I was thirteen-years-old that summer, all freckles and legs. When I wasn't  shooting hoops with the guys at the park or playing Pac Man at the arcade, my nose was in a book. Usually it was a really trashy romance novel, my guilty pleasure, and one of the few "girly" things about me.

"Gah!" I battled against my tangle of red curls in the bathroom of the tiny apartment I shared with my father in the city. I tried to Dep away the frizzies, but it was hopeless. Accepting defeat with a growl of frustration, I pulled my hair back in a band and acknowledged my bad mood wasn't only the result of a bad hair day.

Dad was taking a two week vacation to fly out to Arizona and meet her. I was pissed. He'd promised me a trip to Disney since Epcot opened, but I had a feeling that wasn't gonna happen anytime soon.

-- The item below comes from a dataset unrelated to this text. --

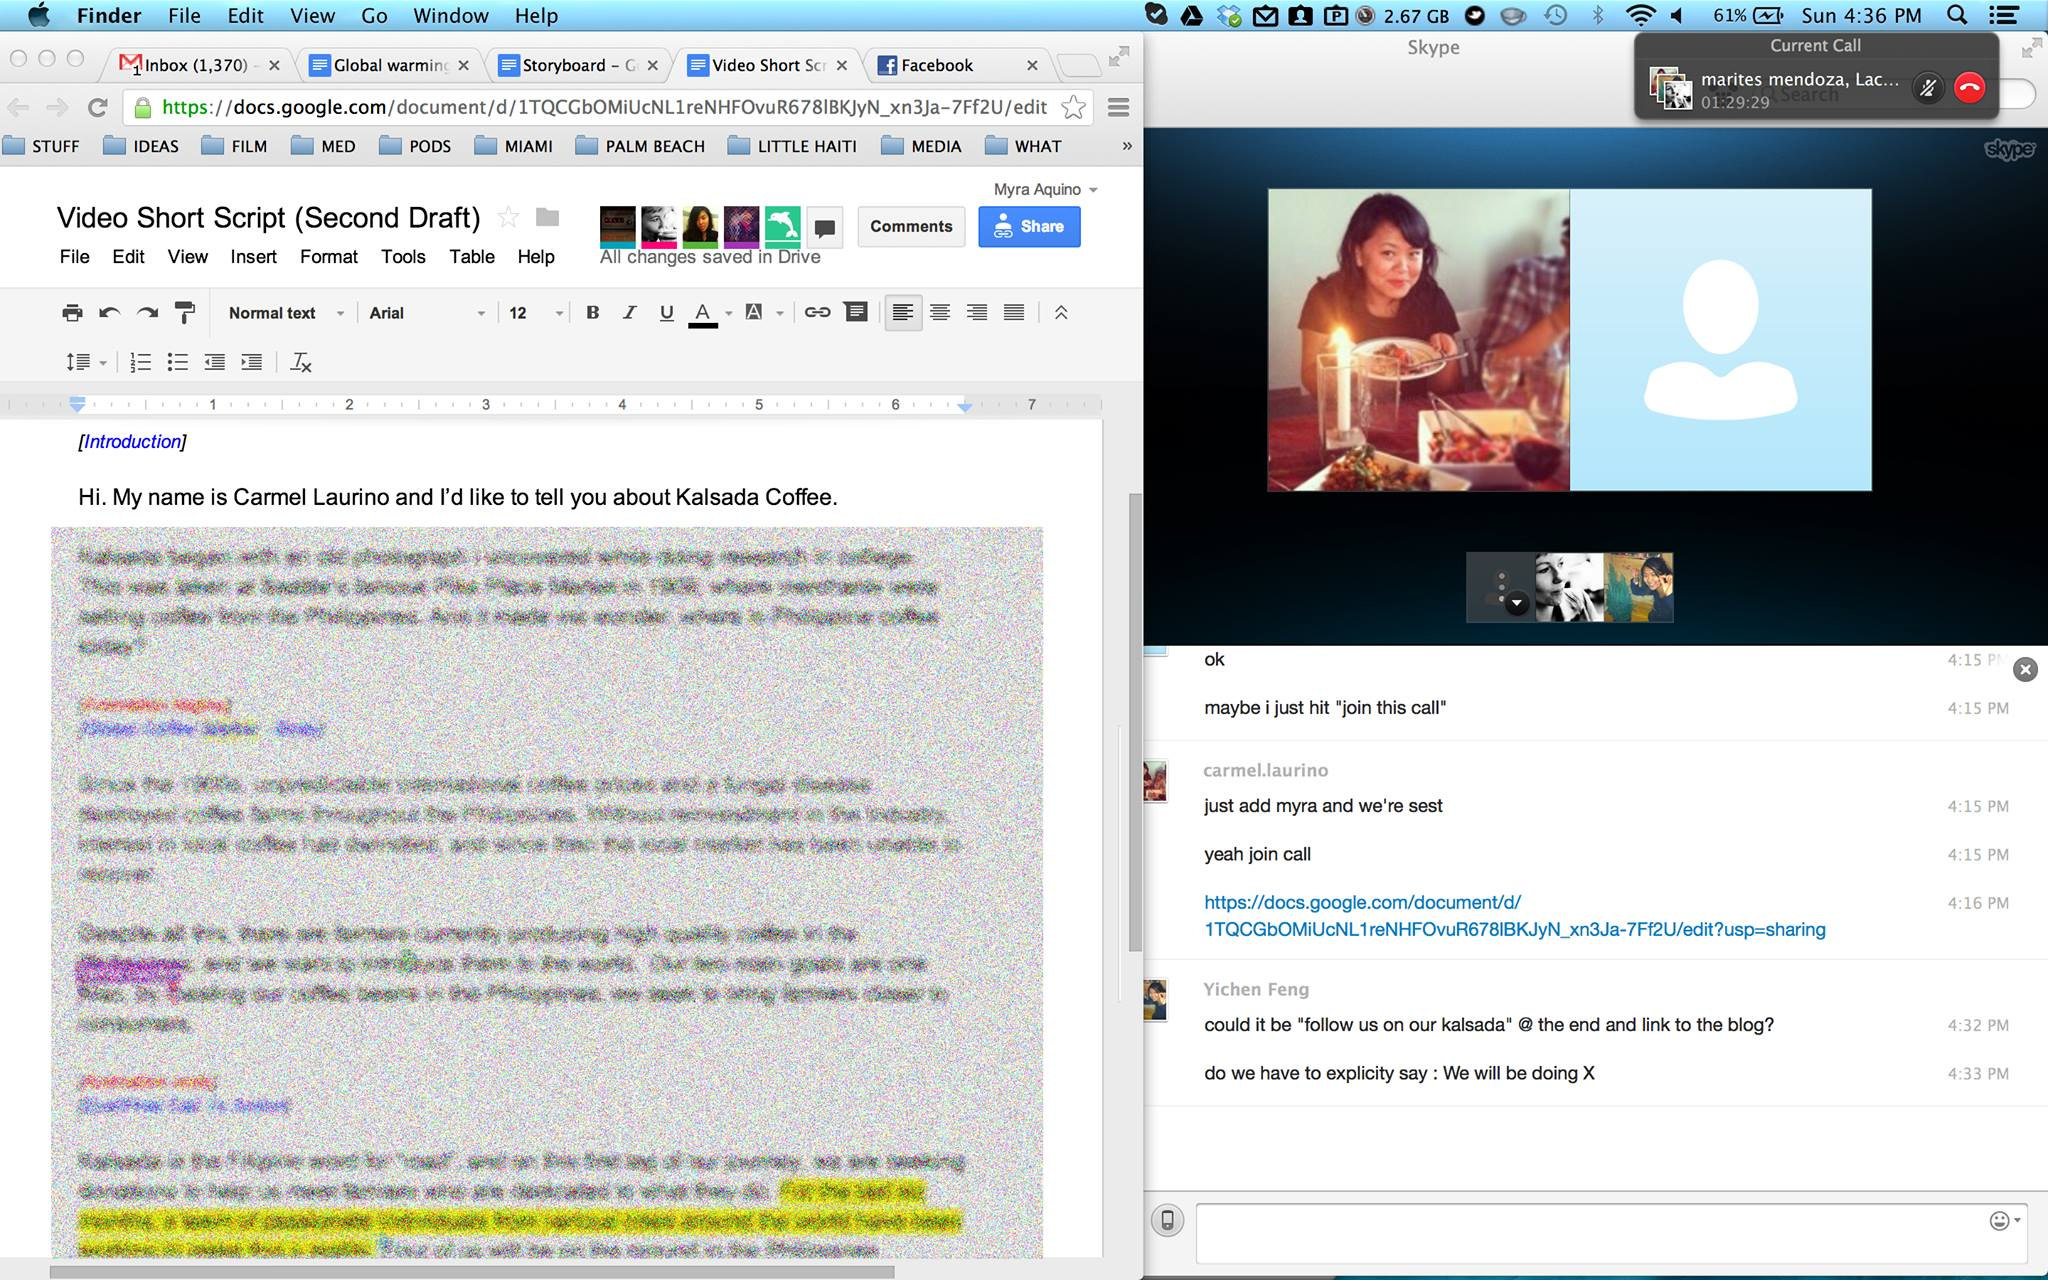 One of many Skype / Google Doc work dates connecting Seattle, Miami, LA, Manila, Paris.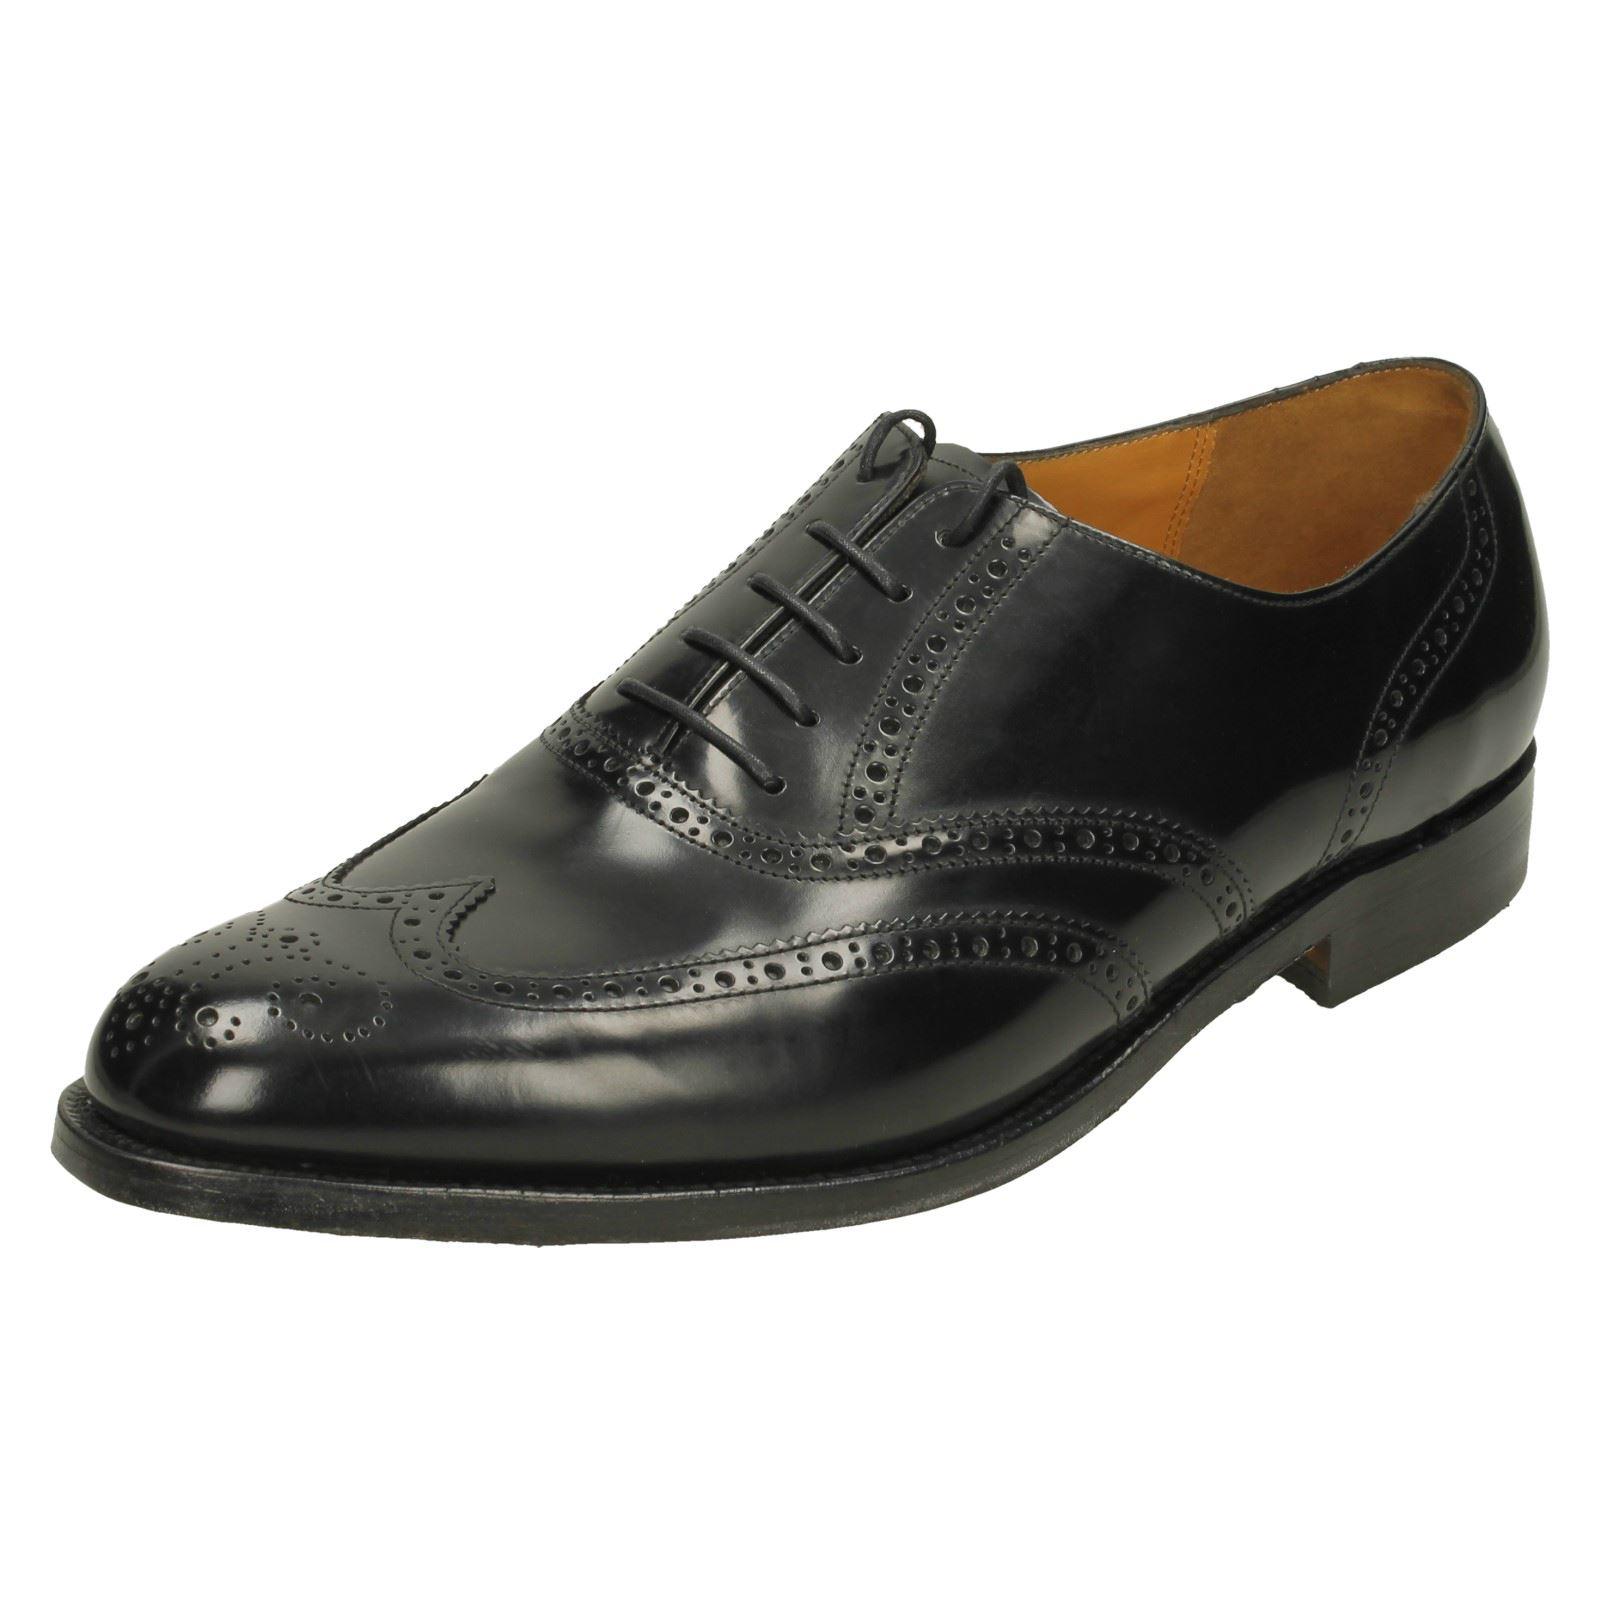 cf1aa999037 Mens Barker Brogue Style Shoes  Albert

"Come on, Pumpkin, you used to love going to visit Grandma Laura," Dad coaxed over a sundae at Freddy's, just down the street from our eighth floor walk up. I could tell he was really trying to butter me up when he didn't limit me to two toppings like usual.

I shot him a pointed look. "Dad."

"Sorry, sorry. I forgot." Dad put his hand up in surrender. "Tye. Two months out of this concrete jungle will be good for you."

"Why can't I stay by myself for the two weeks you're gone? I'm old enough. I stay at home while you're working all time." 

Dad chuckled, scraping the last of his ice cream from the bottom of the parfait glass. "No way, Jose. Two weeks is too long for you to be on your own. You haven't seen your grandma for over a year. You always complain how hot New York is in July and August anyway."

"What about Stinky? He'll think I abandoned him," I protested, referring to the stray cat we rescued when I was five.

"Stinky will be fine. Mrs. Potter said I can bring him next door while I'm away. Now, no more arguments. Give your old dad a break, will ya, kid?"

I sighed. Little did I know my experiences that summer would haunt me the rest of my days.